Day 9 / Apr 14 (Thu)¶
Back to Scala with a bit of Spark SQL.
The following is a list of exercises to help you hone your skills in Scala (with some Spark SQL). You are supposed to do the exercises alone. In the end, push your projects to Github.
There is no ordering. There is no need to do them all. You can pick whatever exercises you like in any order.
Use slack to ask questions. You can DM me directly or use #scala-academy
channel. Up to your liking.
Enjoy!
Exercises¶
These exercises are about Spark SQL.
- Selecting the most important rows per assigned priority
- Exercise: Reverse-engineering Dataset.show Output
- Exercise: Specifying Table and SQL Query on Command Line
Scala Project: Node¶
Write a class Node
that can have zero, one or more Node
children.
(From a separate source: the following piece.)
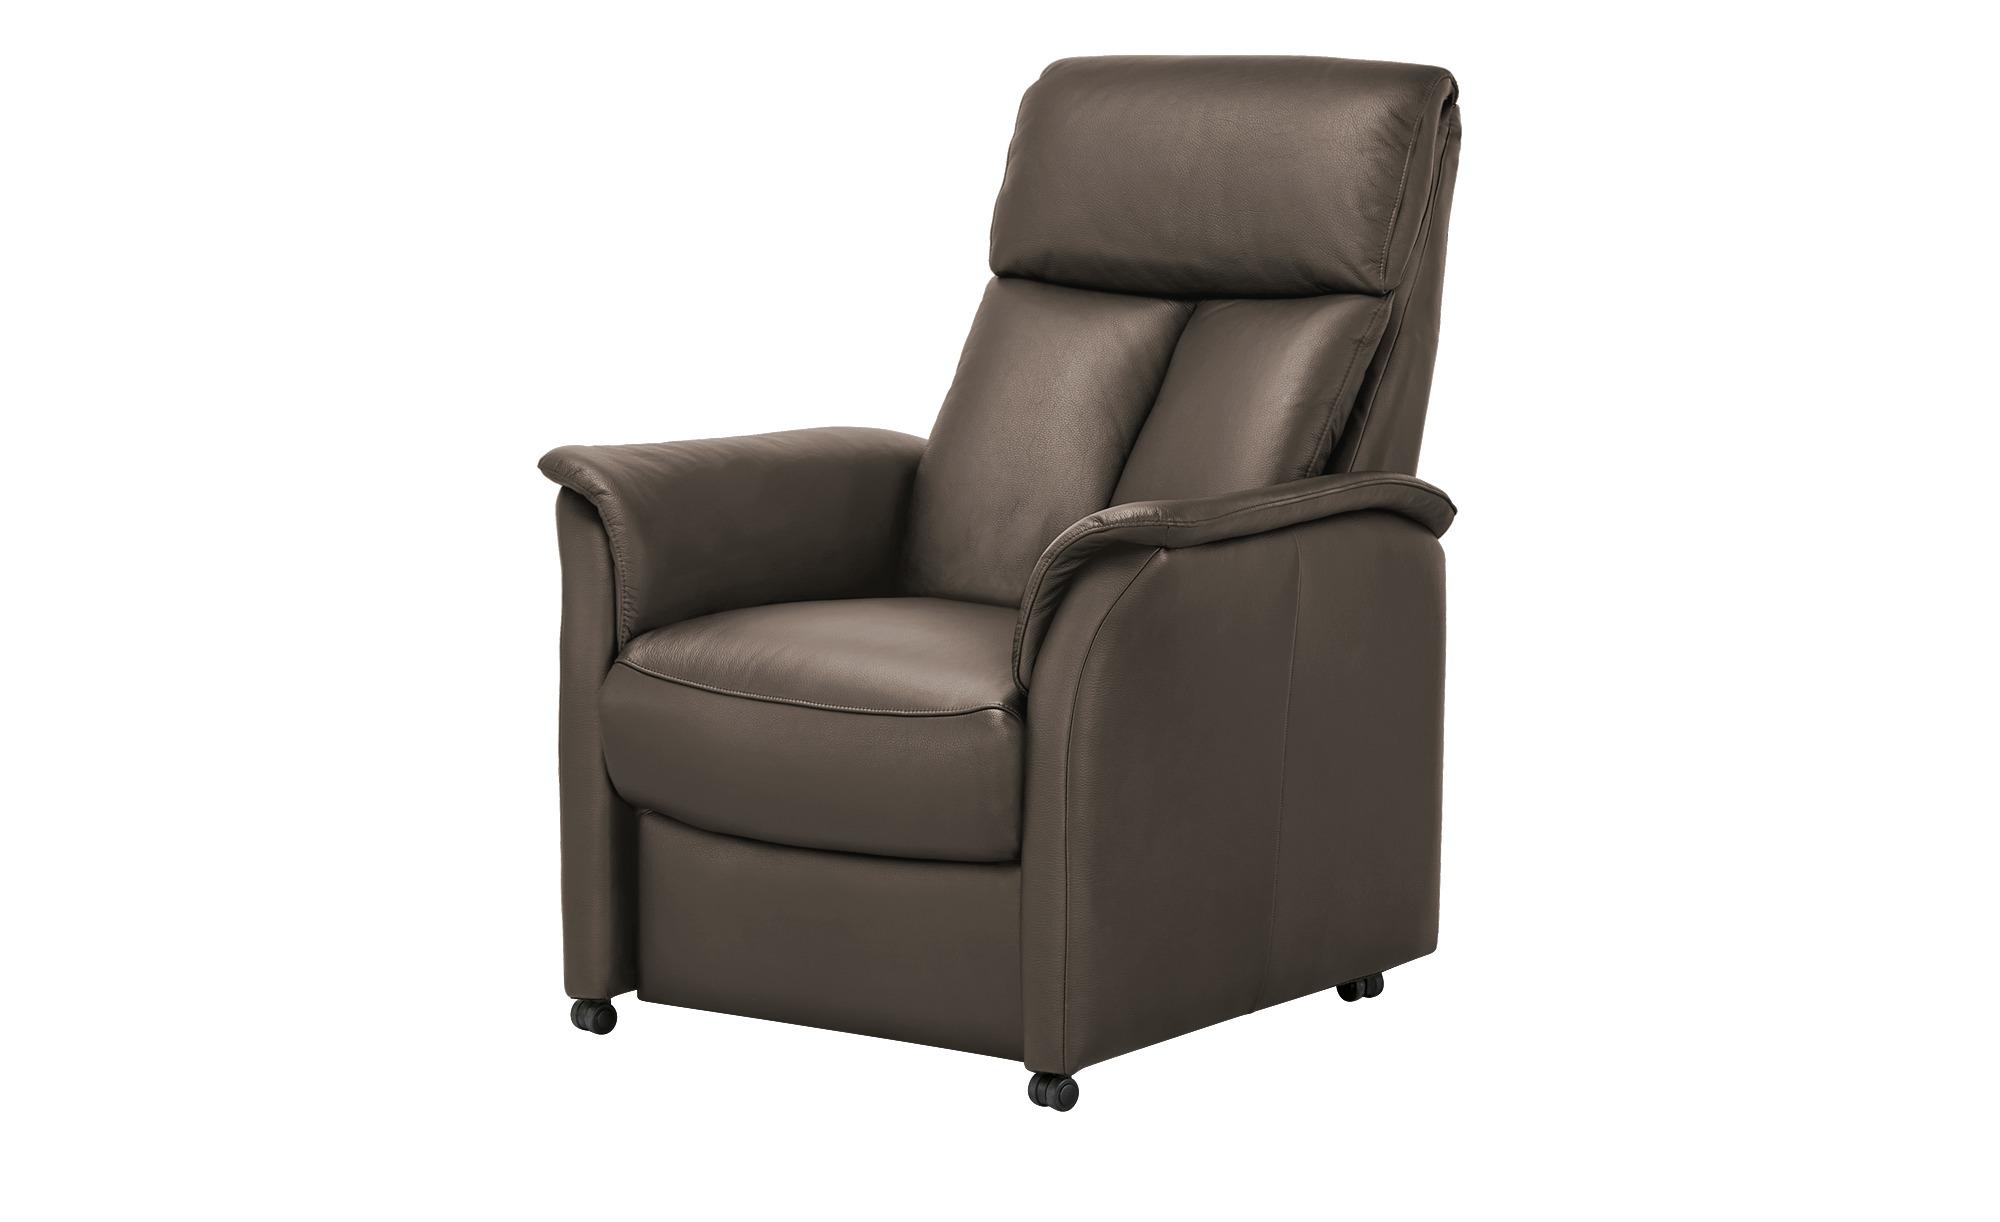 Nils Olsen Fernsehsessel M  Agda ¦ braun ¦ Maße (cm): B: 85 H: 110 T: 85 Polstermöbel > Sessel > Ledersessel - Höffner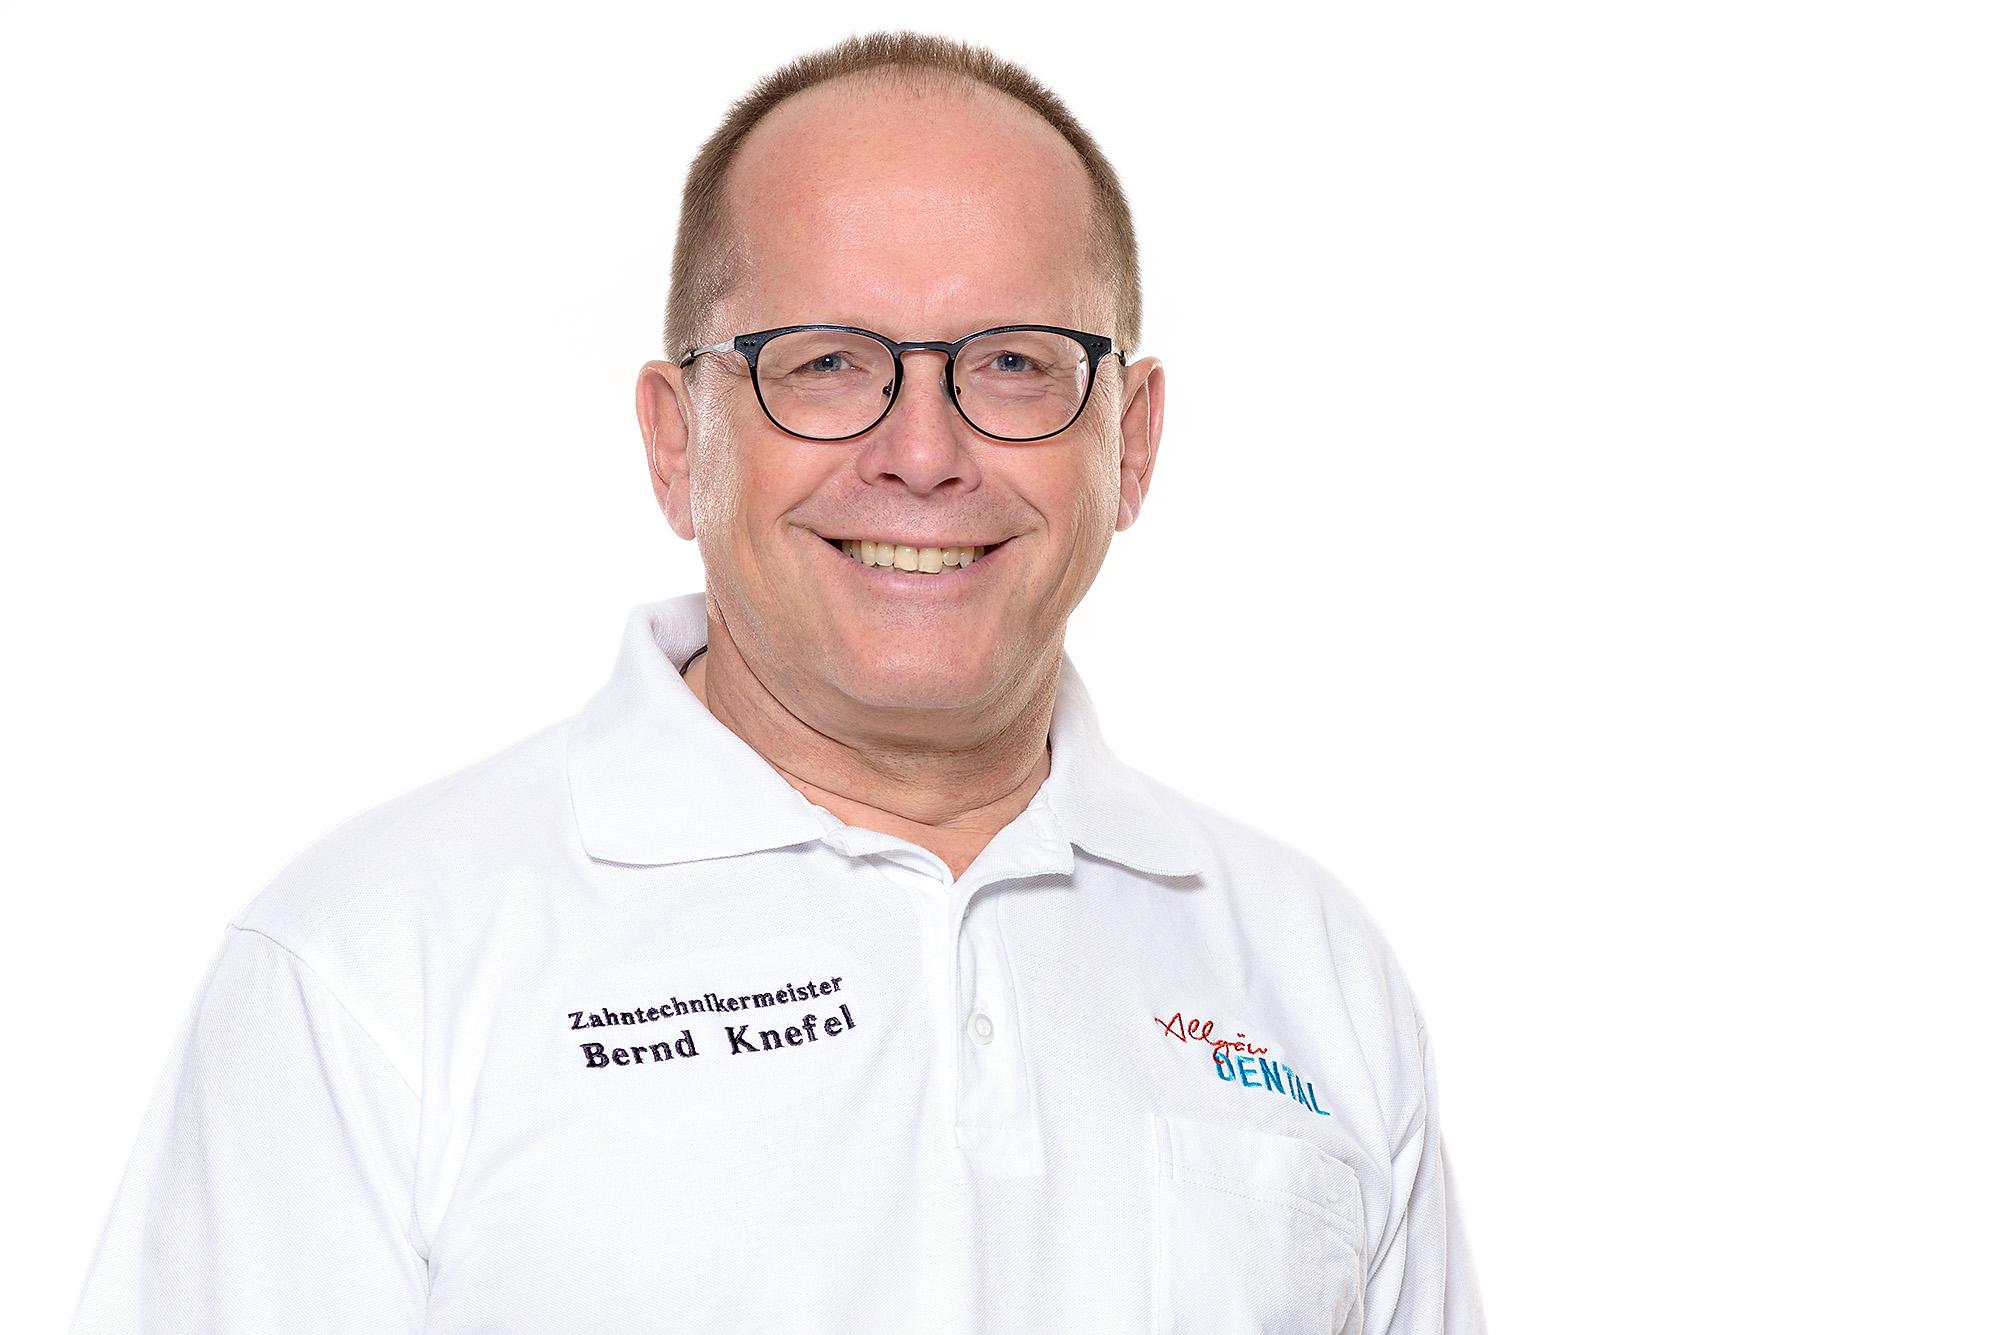 Bernd Knefel

The class should support adding a child Node
, removing and listing them.
The most challenging part is display
method that should display a Node
with all children (that in turn may have Node
children that are supposed to be displayed, too).
A sample display could look like the following:
AdaptiveSparkPlan
+- Union
:- HashAggregate_1
: +- Exchange
: +- HashAggregate
: +- Project
: +- Range
+- HashAggregate_2
+- Exchange
+- HashAggregate
+- Project
+- Range
The above shows a Node
(called AdaptiveSparkPlan
) with one child (Union
) that has two children HashAggregate_1
and HashAggregate_2
and so on.
Write unit tests.